Mientras mi madre termina de recoger, me asomo por última vez a la galería, me dan ganas de meterme entre los barrotes de la barandilla para pasar a la terraza, como hacía de chiquilla.No puede ser, todo está negro, ahumado, tirado, rezumando soledad y tristeza, aquellas paredes que fueron mi palacio y mi guarida ya no encierran nada más que un inmenso vacío.
Antes de irnos vamos al jardín y cortamos unas lilas. ¡Huelen tan bien!
Huelen a niñez, a deseos de volver, a los abuelos despidiéndonos a la puerta, diciéndonos adiós con la mano. Huelen a ausencia de problemas, a tardes de descanso, a calor fuera, a fresco dentro, a flores en los jarrones, a sueños, a ilusiones...
Han quemado la casa, pero no podrán quemar jamás el recuerdo que ha dejado en mí, que ahora quieren salir todos afuera, que se me clavan en el alma de tan recientes como me parecen, pero que un día reposarán tranquilos, se asentarán, volveré a recordar la casa como siempre fue, con los abuelos, con mi niñez, con las raíces de mi vida, que un día comenzó precisamente allí.
De las paredes de mi casa cuelgan las cosas que traje de allí, es como si quisiera convertirla en una réplica de aquella: las niñas de Renoir tocan el piano en mi cuarto, la mecedora me espera en el salón, y algunos adornos de la casa están ahora ubicados en la mía.
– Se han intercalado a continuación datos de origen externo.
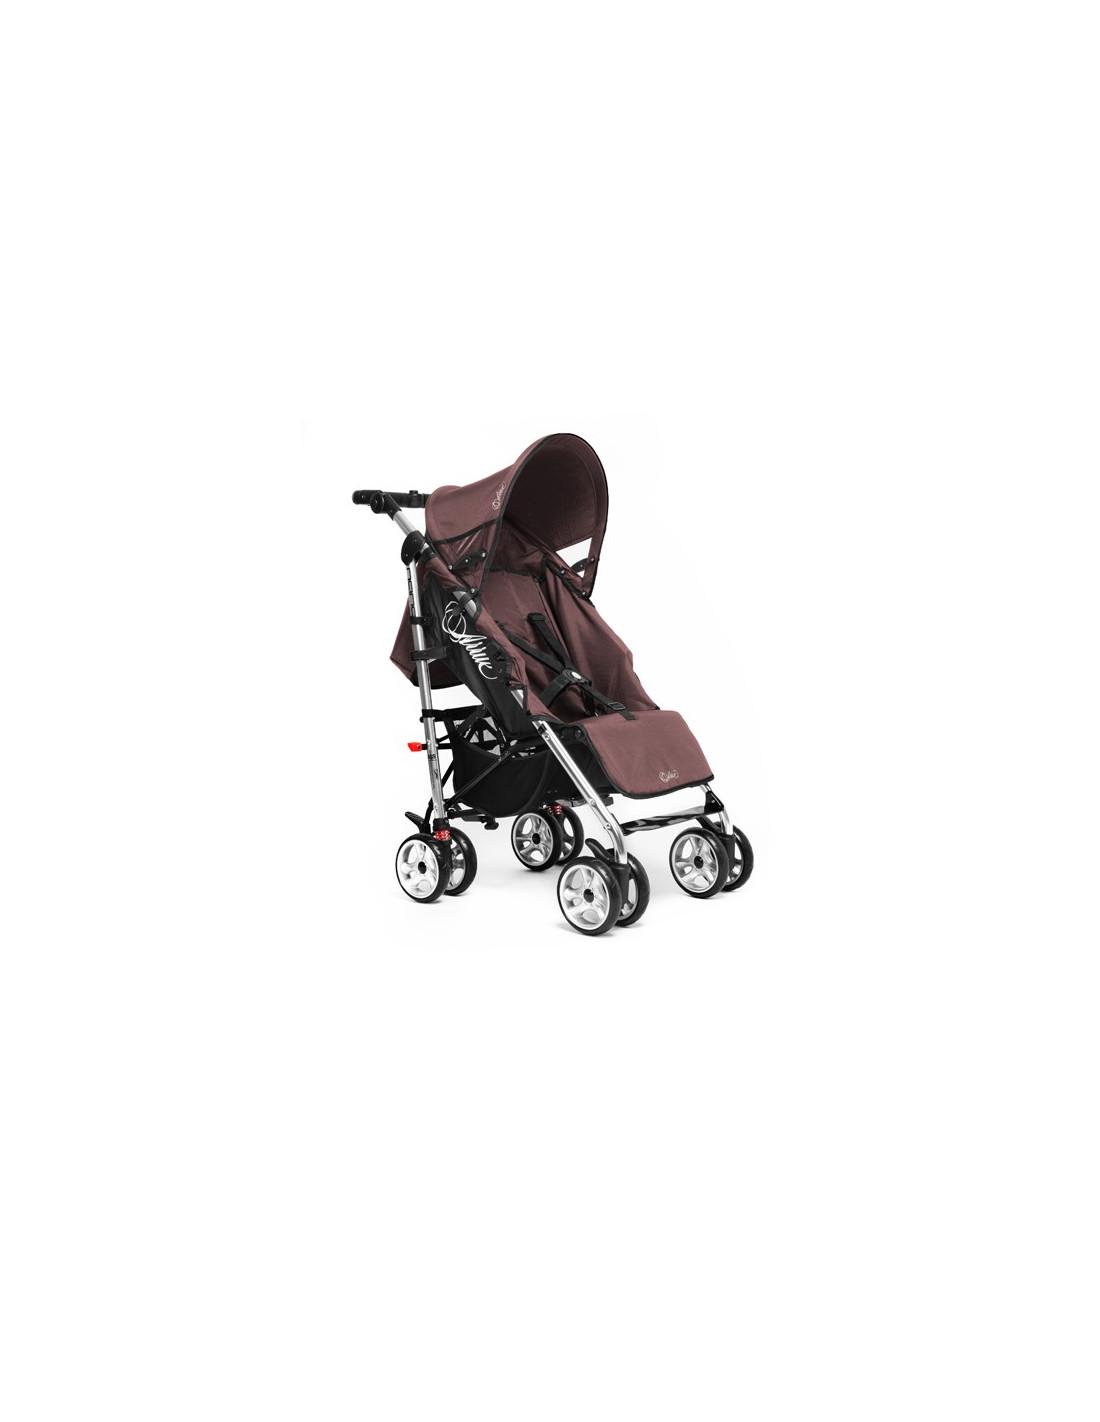 Silla de paseo nano de arrue la mejor silla de paseo para tu beb - Silla de paseo karibu ...

Tal vez un día, mis hijos lo tengan que desalojar, cuando yo no esté, porque mientras esté, lo quiero a mi lado, en mi casa, en mi vida, arraigado por dentro, para que si un día pierdo la memoria, su presencia me recuerde que la casa existió, que yo no lo soñé.
Las lilas perfuman mi cuarto, también le hemos llevado un ramo a la abuela, que se ha alegrado mucho al verlas, y nos pregunta si en la casa todo estaba bien.Mi madre, con la pena atenazándole la garganta, le dice que sí, que estaba todo muy bien. Una mentira piadosa que parte el alma al decirla.
Me siento más unida a mi madre, ella más fuerte, más activa que yo, pero unidas, con ese cordón umbilical que jamás desaparece del todo, y que se acorta cuando se comparten situaciones como la que hemos vivido.
La abuela coloca las lilas en un jarrón, como antaño en la otra casa, la suya, la de siempre. Las huele, está contenta y hace planes para la próxima vez que la llevemos.
Ella no lo sabe, pero las que tiene delante serán las últimas lilas".